DD managed to have her baby tooth removed today - huge relief.
However, it was very traumatic as she was predictably very nervous and started to panic the second the mask for the gas and air was put on! Whether it was because she was so upset that this happened, but she reacted badly to the gas and air and at one point she started shouting for me, even though I was there all the time, holding her hand. She then ripped the mask off her face, sat up and started scratching her fingers against the screen above. The dentist, myself and 2 assistants had to pull her back into the seat and she was given more oxygen. After a few seconds she seemed to realise that I was there and she calmed down and went ahead with the rest of the treatment.
DD says she will never have gas and air again as it was like "having a nightmare - everyone in the room looked like playdough characters". If she needs treatment in the future she has agreed to just go ahead with the injection without gas and air, as that was the worst part for her.
Anyway, all's well that ends well and at least she did have the tooth removed and she can have her brace in April. (I'm trying not to think about how stressful that may be!)

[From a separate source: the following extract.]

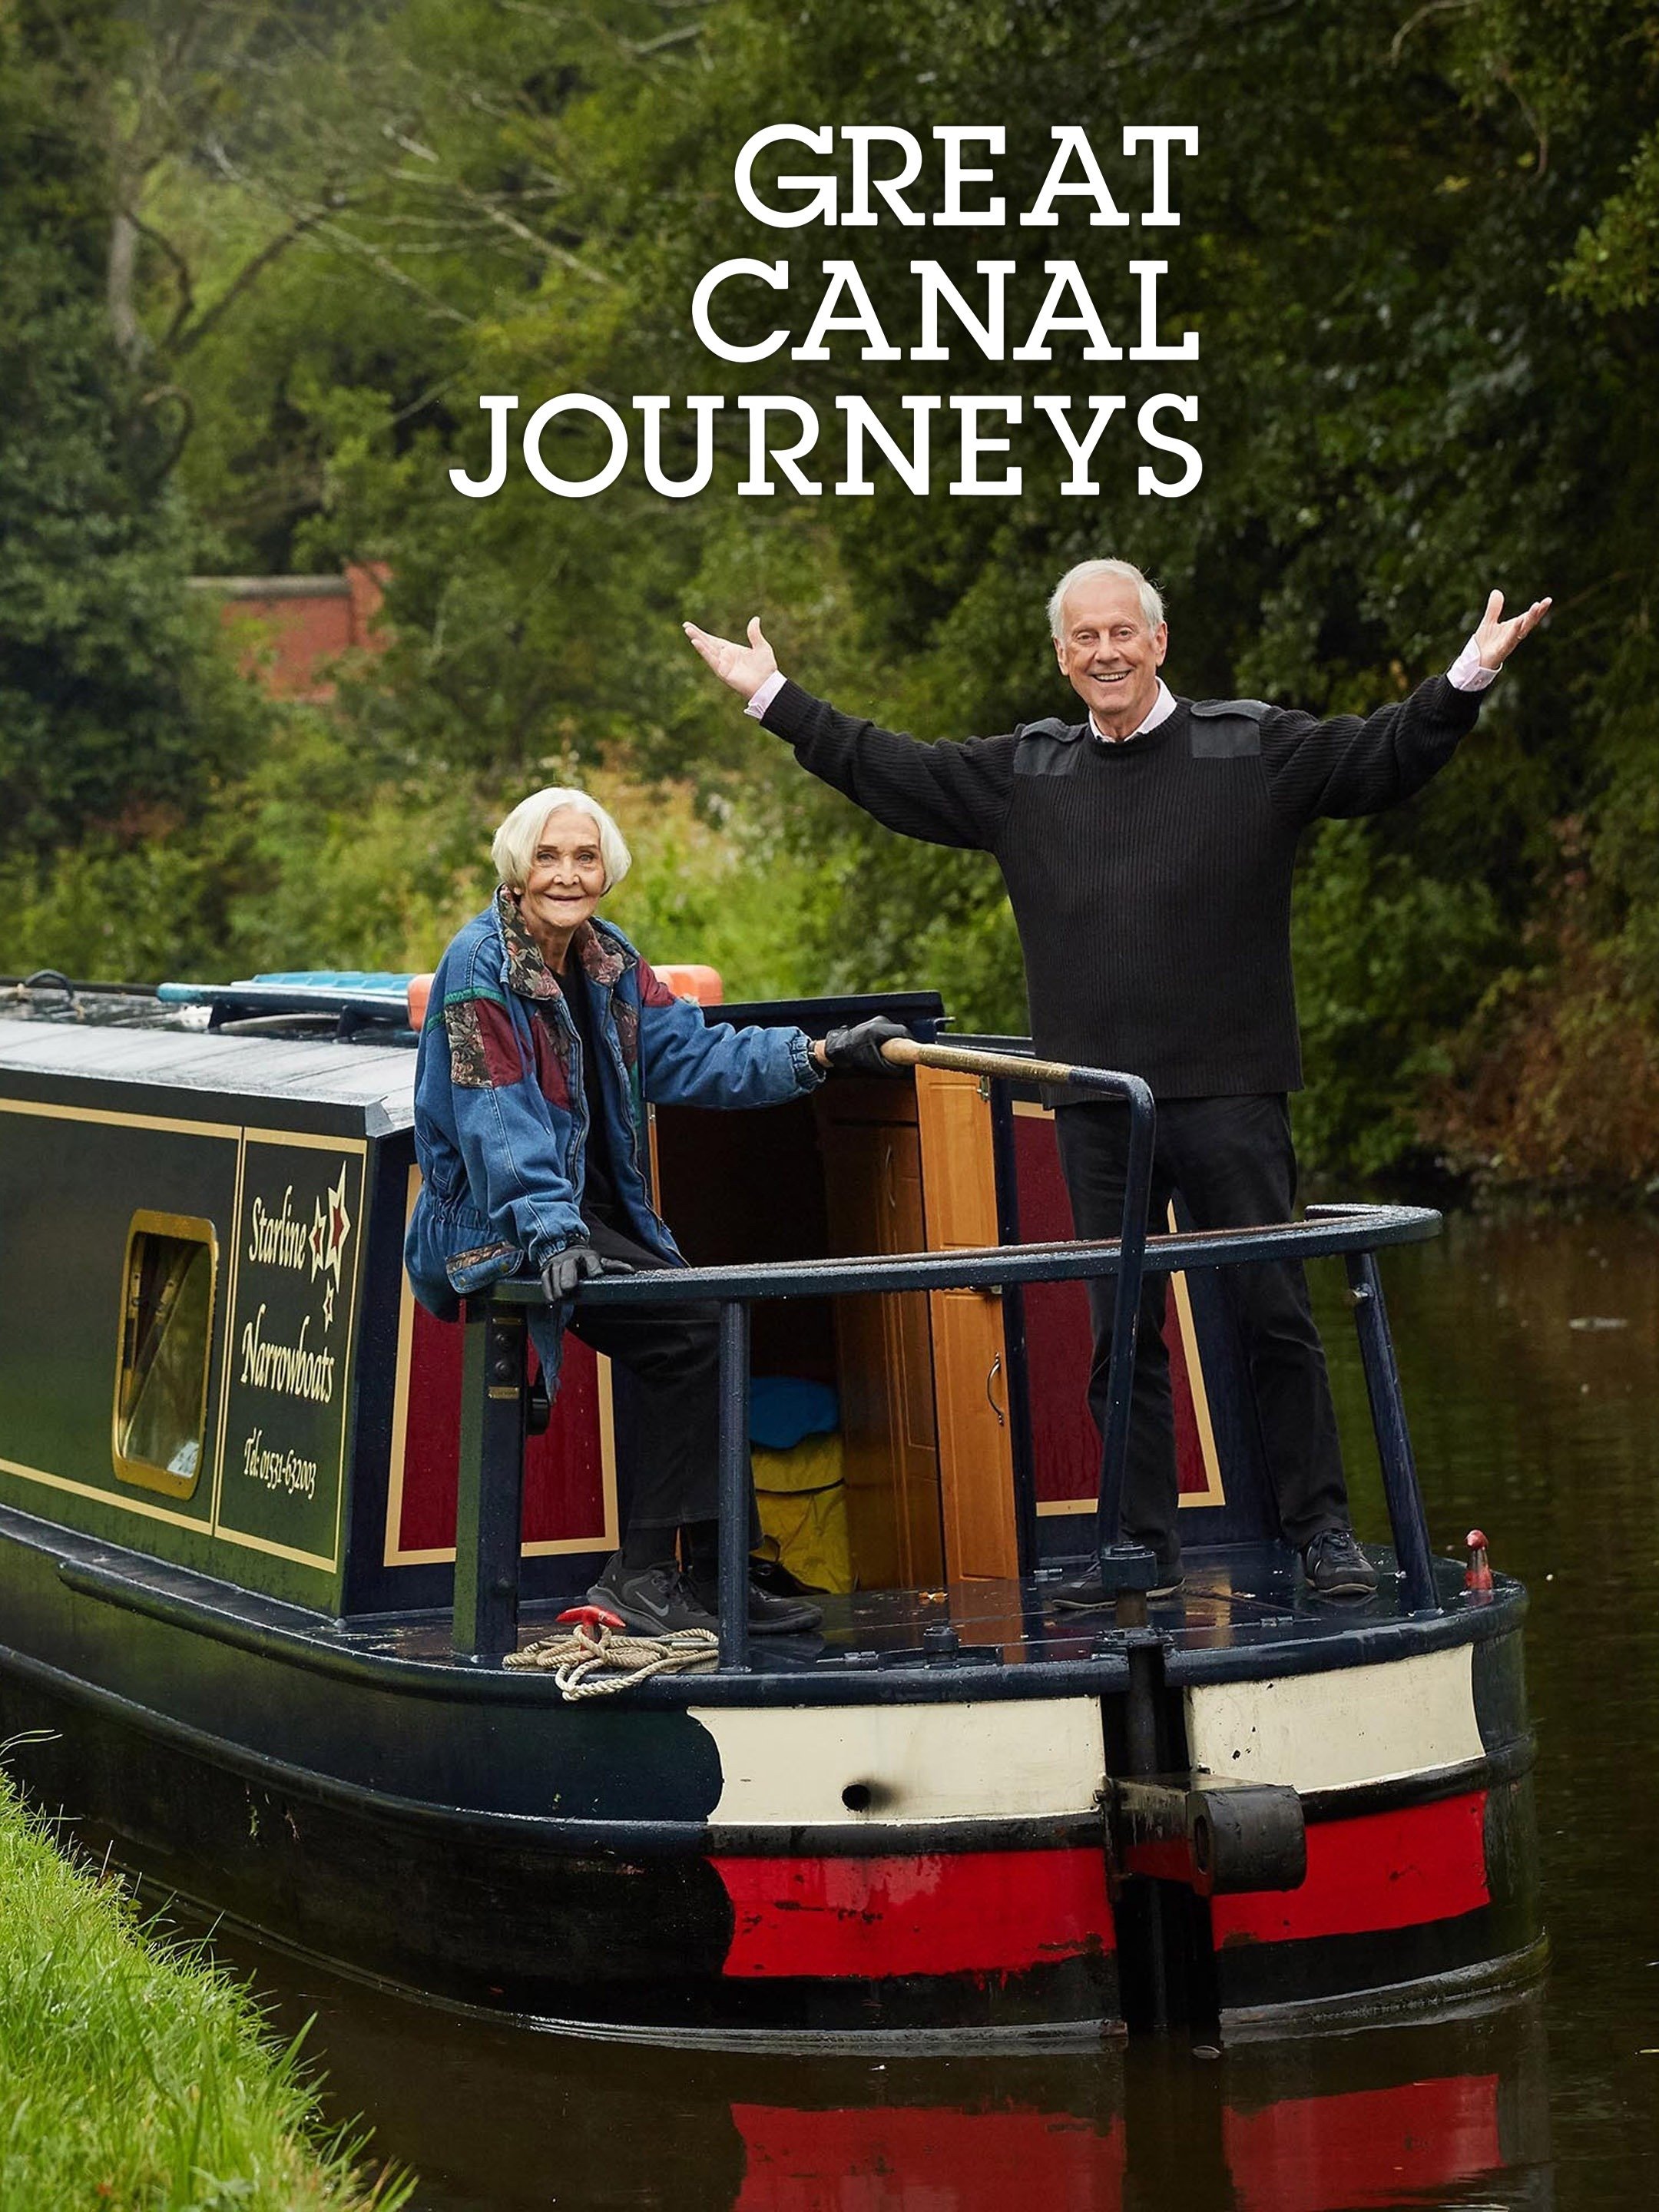 what channel is great canal journeys on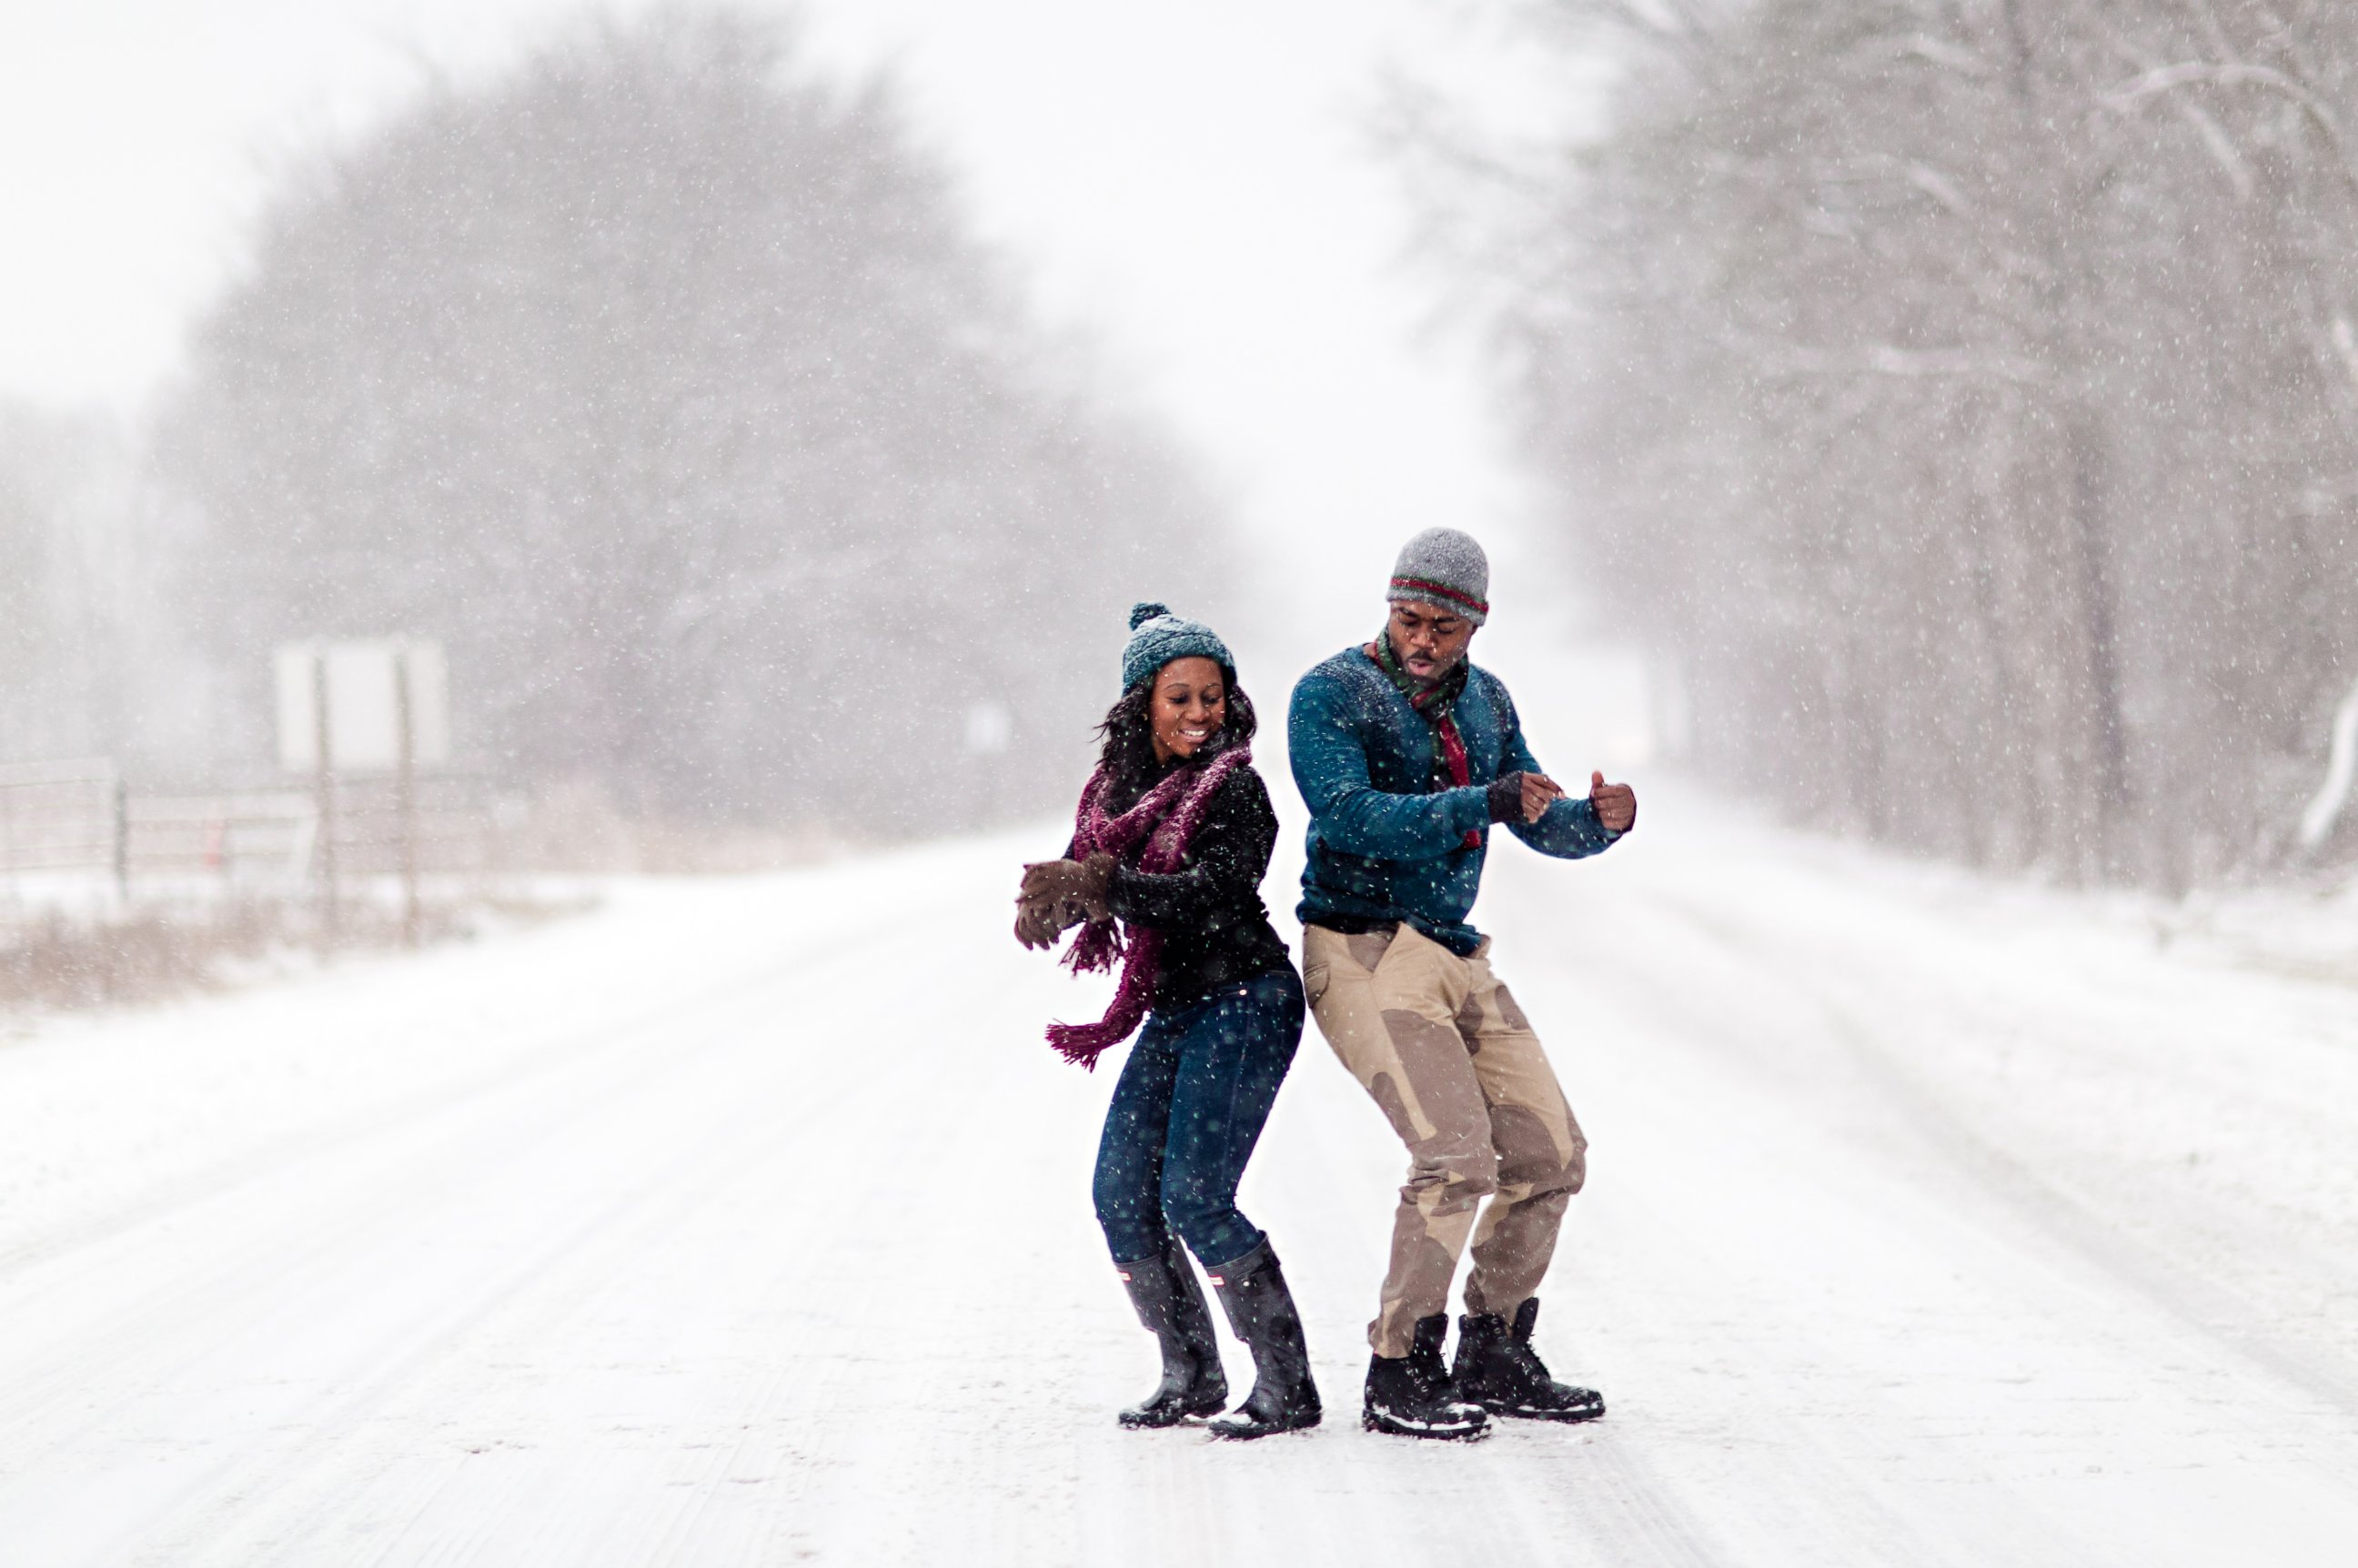 PHOTO: Felicia Sam and David Nartey braved the snow in Fort Meade, Md. for wintery engagement photos.

I bought her a T-shirt for her bravery today and my parents also bought her a pair of earrings, so she's feeling much better now!
Thanks again to all those who sent messages and advice. It has been invaluable to me.
Great news. Well done to your DD! She sounds very grown up about it so hopefully the brace won't be too traumatic for her.
That's great news although the trip appears to have been eventful. Has she got friends with braces as I'd suggest she chats to them about what it involves?
Thanks again. I'll now have to start asking around about experience with braces but I won't make an issue about it with DD as I don't want her to get worked up about that! I believe there are a couple of girls in her class due to have braces as well this year so hopefully this will encourage her to keep up and go ahead with the treatment.
I've never had braces and don't really know anyone close who has, but it's much more common now so will ask around. When you hear about wires pinching the inside of your mouth and gums etc it is a bit off-putting.
Anyway, that's one bridge down and another one to cross!